Italia, prezzi alla produzione invariati

Gli ultimi dati di aggiornamento macroeconomico ci forniscono una sostanziale invariabilità dei dati relativi ai prezzi alla produzione in Italia, che nel mese di marzo (ultimo periodo di riferimento di un update ufficiale), dopo l’aumento dei tre mesi precedenti, hanno rallentato su base annua a 3,1 punti percentuali da 3,3 punti percentuali relativi al precedente mese di febbraio, che a sua volta rappresentava un livello massimo da quasi quattro anni e mezzo a questa parte.

Si tenga conto che i prezzi di riferimento sono scesi di un decimo di punto percentuale sul mercato interno e sono invece rimasti fermi sul mercato estero. Al netto dell’energia (-0,8 punti percentuali mese su mese) i prezzi sul mercato interno sarebbero saliti di tre decimi di punto percentuale. Sempre sul mercato interno, si nota un significativo aumento dei prezzi dei beni intermedi (+0,6 per cento su base mensile, +3,5 per cento su base annua).

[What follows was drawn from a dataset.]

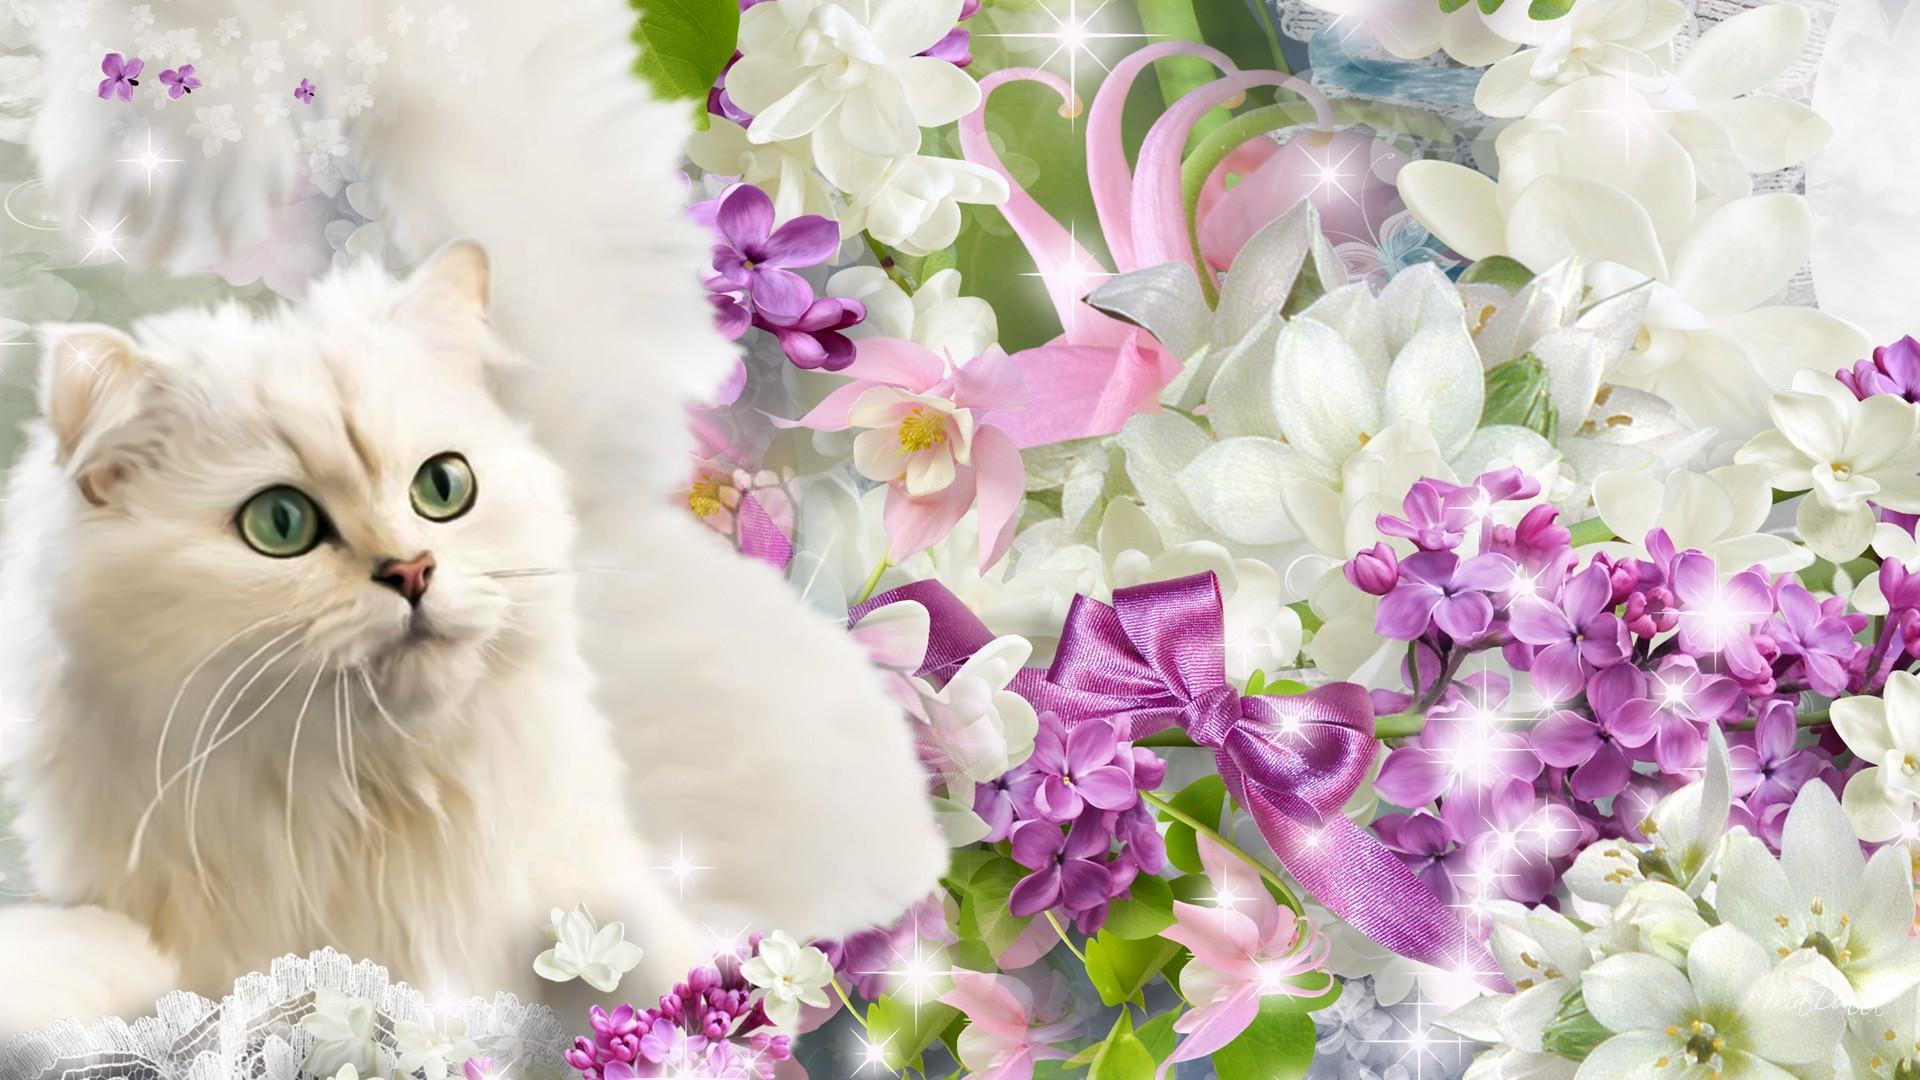 The Green Eyed Cat HD desktop wallpaper, Widescreen, High

A proposito di dati macro economici recentemente aggiornati, il tasso di disoccupazione nel nostro Paese è salito a sorpresa di due decimi all’11,7 per cento a marzo, dopo essere calato di tre decimi di punto percentuale nel mese di febbraio. Sempre in riferimento ai tassi di disoccupazione, in area euro il tasso è rimasto stabile a 9,5 per cento a marzo. Rispetto a un anno fa i senza lavoro sono calati di 991 mila unità. L’aumento del tasso di disoccupazione riflette in larga misura l’andamento dell’indicatore per l’Italia, di cui abbiamo detto qualche riga fa, considerato che invece il tasso di disoccupazione è rimasto stabile in Francia, in Spagna, in Germania e in Belgio. Non è comunque da escludersi (anzi, le previsioni degli analisti sembrano supportarlo) che il tasso di disoccupazione italiana sia presto destinato a calare marginalmente.